A Pack’s structure is as follows:
EncryptedBlob1 || ... || EncryptedBlobN || EncryptedHeader || Header_Length
At the end of the Pack file is a header, which describes the content. The header
is encrypted and authenticated. Header_Length
is the length of the encrypted
header encoded as a four byte integer in little-endian encoding. Placing the
header at the end of a file allows writing the blobs in a continuous stream as
soon as they are read during the backup phase. This reduces code complexity and
avoids having to re-write a file once the pack is complete and the content and
length of the header is known.
All the blobs (EncryptedBlob1
, EncryptedBlobN
etc.) are authenticated and
encrypted independently. This enables repository reorganisation without having
to touch the encrypted Blobs. In addition it also allows efficient indexing, for
only the header needs to be read in order to find out which Blobs are contained
in the Pack. Since the header is authenticated, authenticity of the header can
be checked without having to read the complete Pack.
After decryption, a Pack’s header consists of the following elements:
Type_Blob1 || Data_Blob1 ||
[...]
Type_BlobN || Data_BlobN ||
The Blob type field is a single byte. What follows it depends on the type. The following Blob types are defined:
Type | Meaning | Data |
---|---|---|
0b00 | data blob | Length(encrypted_blob) or Hash(plaintext_blob) |
0b01 | tree blob | Length(encrypted_blob) or Hash(plaintext_blob) |
0b10 | compressed data blob | Length(encrypted_blob) or Length(plaintext_blob) or Hash(plaintext_blob) |
0b11 | compressed tree blob | Length(encrypted_blob) or Length(plaintext_blob) or Hash(plaintext_blob) |
This is enough to calculate the offsets for all the Blobs in the Pack. The
length fields are encoded as four byte integers in little-endian format. In the
Data column, Length(plaintext_blob)
means the length of the decrypted and
uncompressed data a blob consists of.
All other types are invalid, more types may be added in the future. The compressed types are only valid for repository format version 2. Data and tree blobs may be compressed with the zstandard compression algorithm.
In repository format version 1, data and tree blobs should be stored in separate pack files. In version 2, they must be stored in separate files.
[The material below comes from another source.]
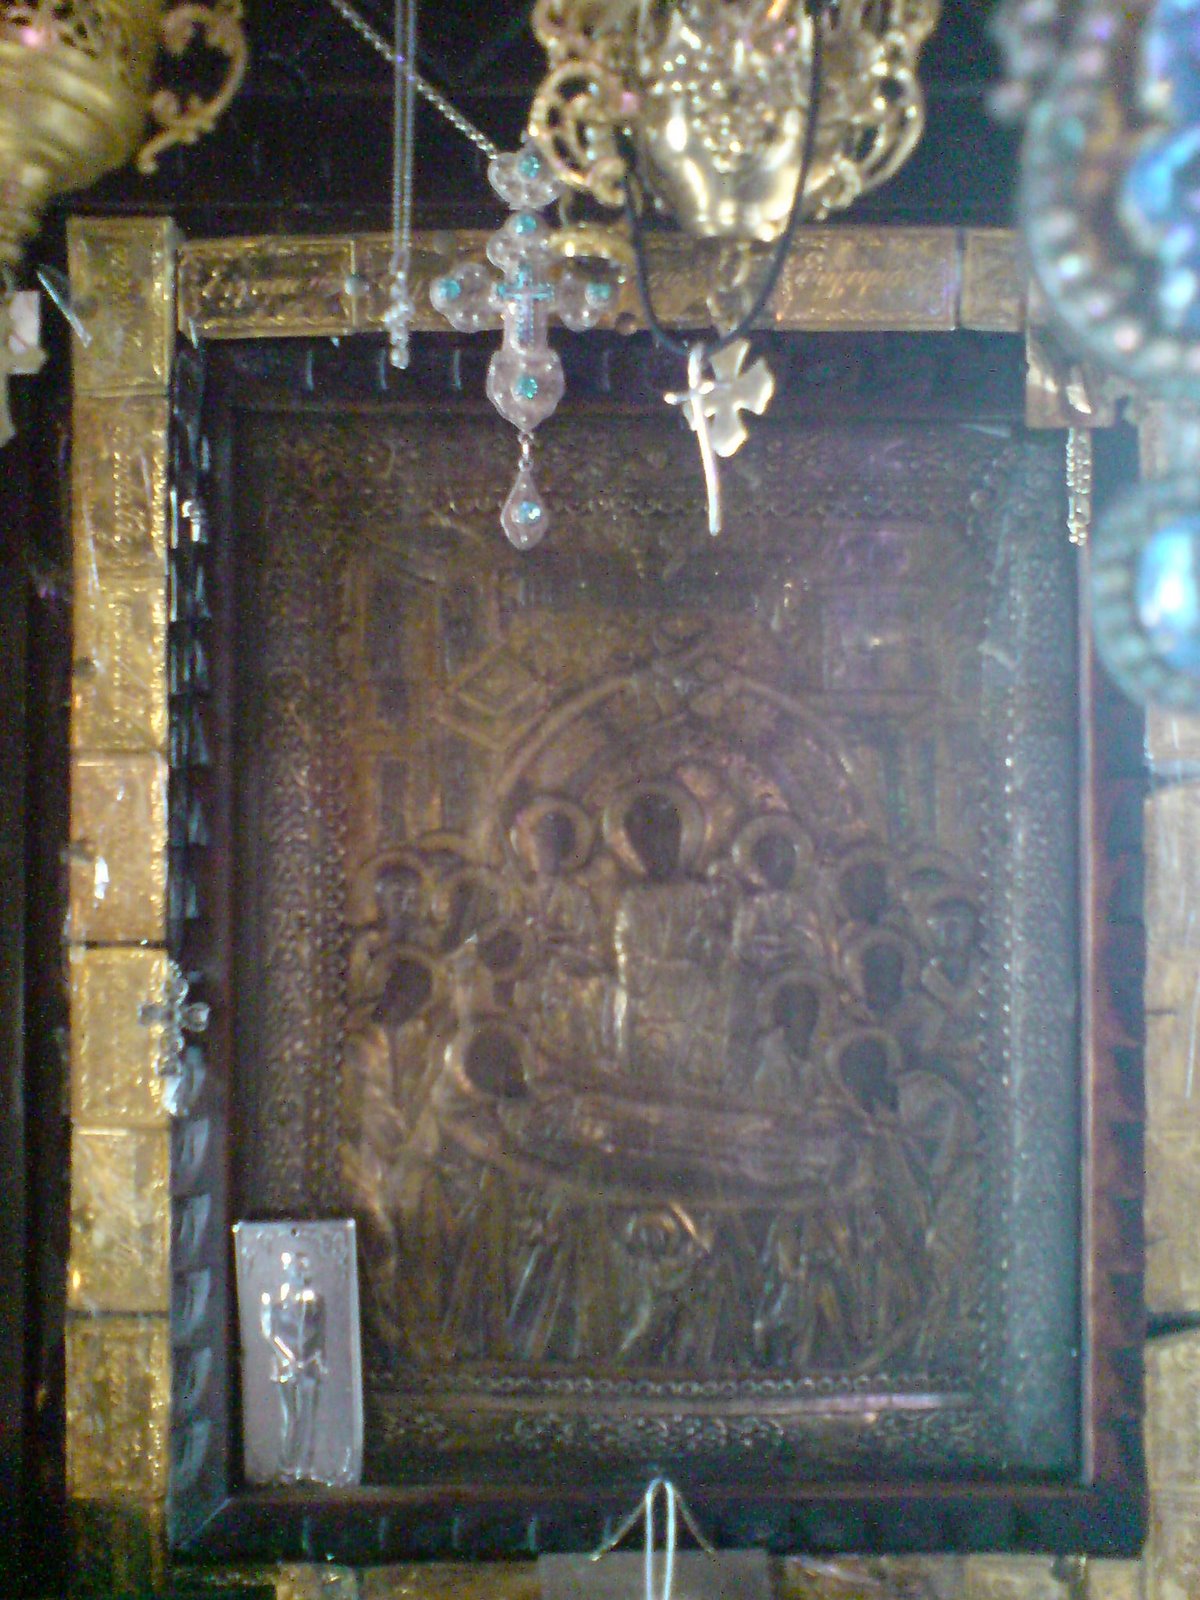 Η θαυματουργική και μυροβλύζουσα εικόνα της Παναγίας Μαλεβής (κοίμηση της Θεοτόκου).

Compressed and non-compress blobs of the same type may be mixed in a pack file.
For reconstructing the index or parsing a pack without an index, first the last four bytes must be read in order to find the length of the header. Afterwards, the header can be read and parsed, which yields all plaintext hashes, types, offsets and lengths of all included blobs.
Unpacked Data Format
Individual files for the index, locks or snapshots are encrypted and
authenticated like Data and Tree Blobs, so the outer structure is
IV || Ciphertext || MAC
again. In repository format version 1 the plaintext
always consists of a JSON document which must either be an object or an array.
Repository format version 2 adds support for compression. The plaintext now
starts with a header to indicate the encoding version to distinguish it from
plain JSON and to allow for further evolution of the storage format:
encoding_version || data
The encoding_version
field is encoded as one byte.
For backwards compatibility the encoding versions ‘[’ (0x5b) and ‘{’ (0x7b) are
used to mark that the whole plaintext (including the encoding version byte)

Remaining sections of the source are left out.